The Little Half-Chick (Medio Pollito)
 Show image 7A-2: Hen with brood of baby chicks
Once there was a hen who had a large brood of little chicks.

[Point to the brood and have students say brood of chicks with you.]
They were all fine, plump—and round—little birds, except the
youngest. He was quite unlike his brothers and sisters. He looked as
if he had been cut right in half! All of his brothers and sisters had two
wings and two legs and two eyes, but he had only one wing, one leg,
and one eye. And he had only half a head and half a beak. His mother
shook her head sadly as she looked at him. “Poor thing!” she said.
“He is only a half-chick.”

The mother hen called her youngest chick Medio Pollito [MEH-dee-oh
poh-YEE-toh], which is Spanish for “half-chick.”

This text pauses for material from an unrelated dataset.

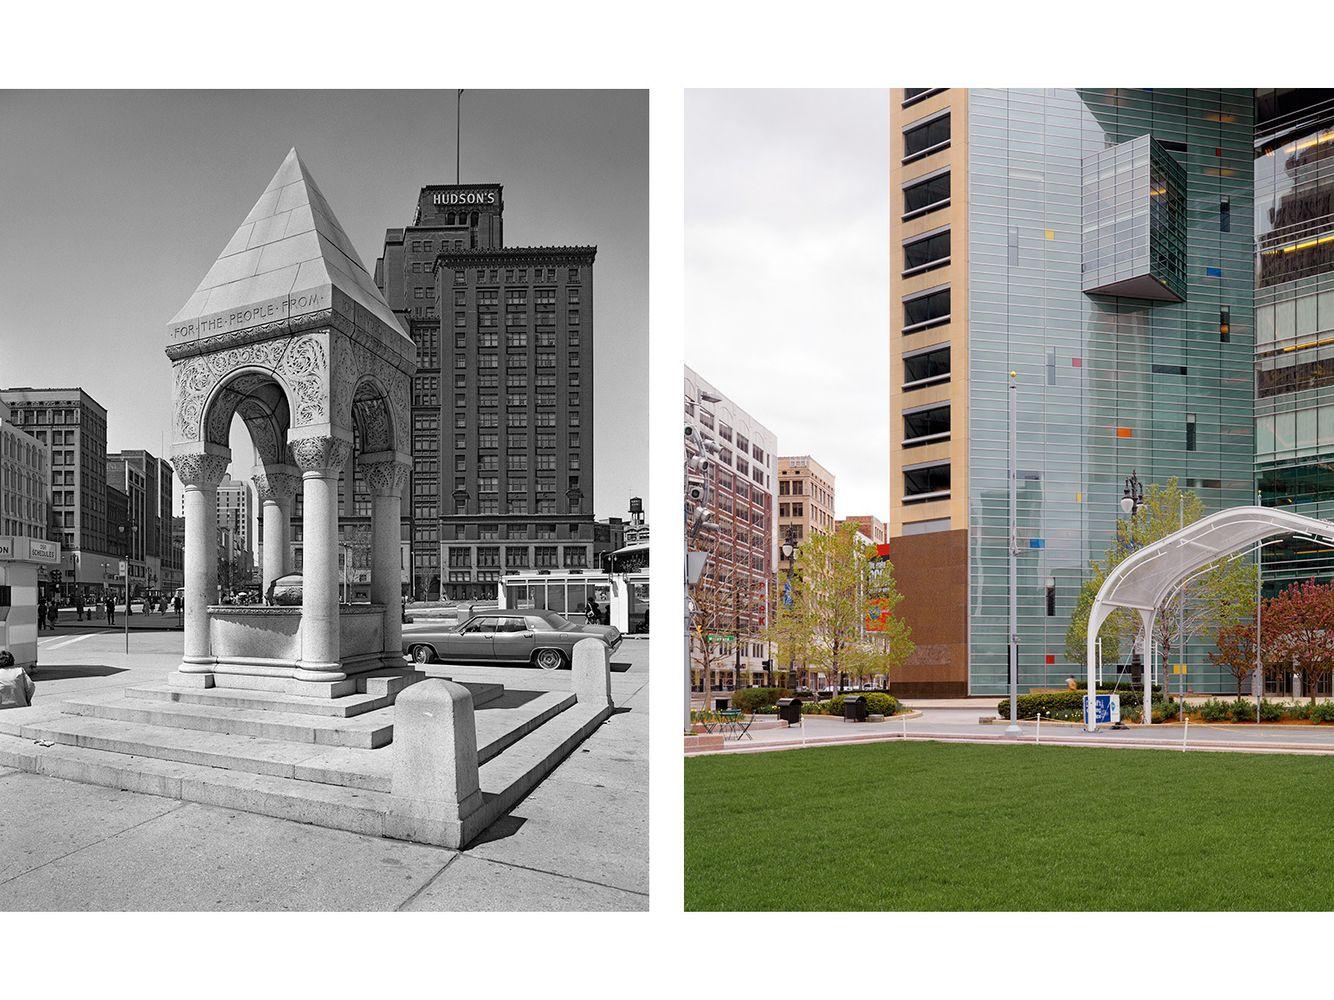 John Bagley Memorial, Campus Martius, Detroit 1973-2010

[Have students tell their partner why he is called Medio Pollito. Call on two
partner pairs to share.]
She thought that he would never be able to take care of himself. She
decided that she would have to keep him at home to take care of him
and look after him.

But, Medio Pollito had a different idea. Medio Pollito turned out to be
a very stubborn little chick.

[Explain to students that Medio Pollito is stubborn and hard to take care of
because he did not always listen to his mother and liked to do things his way.]
Even though his brothers and sisters did just what they were told to
do, Medio Pollito did not. When his mother called for him to come
back to the chicken house, he hid in the cornfield. Sometimes he
pretended that he could not hear her (because, of course, he had
only one ear). The older he became, the more willful and stubborn he
became. He would not listen to his mother and he was often rude to
his brothers and sisters, even though they were always extra nice to
him.

[Have students discuss with their partner whether Medio Pollito is a kind, or
nice, chick. Call on two partner pairs to share.]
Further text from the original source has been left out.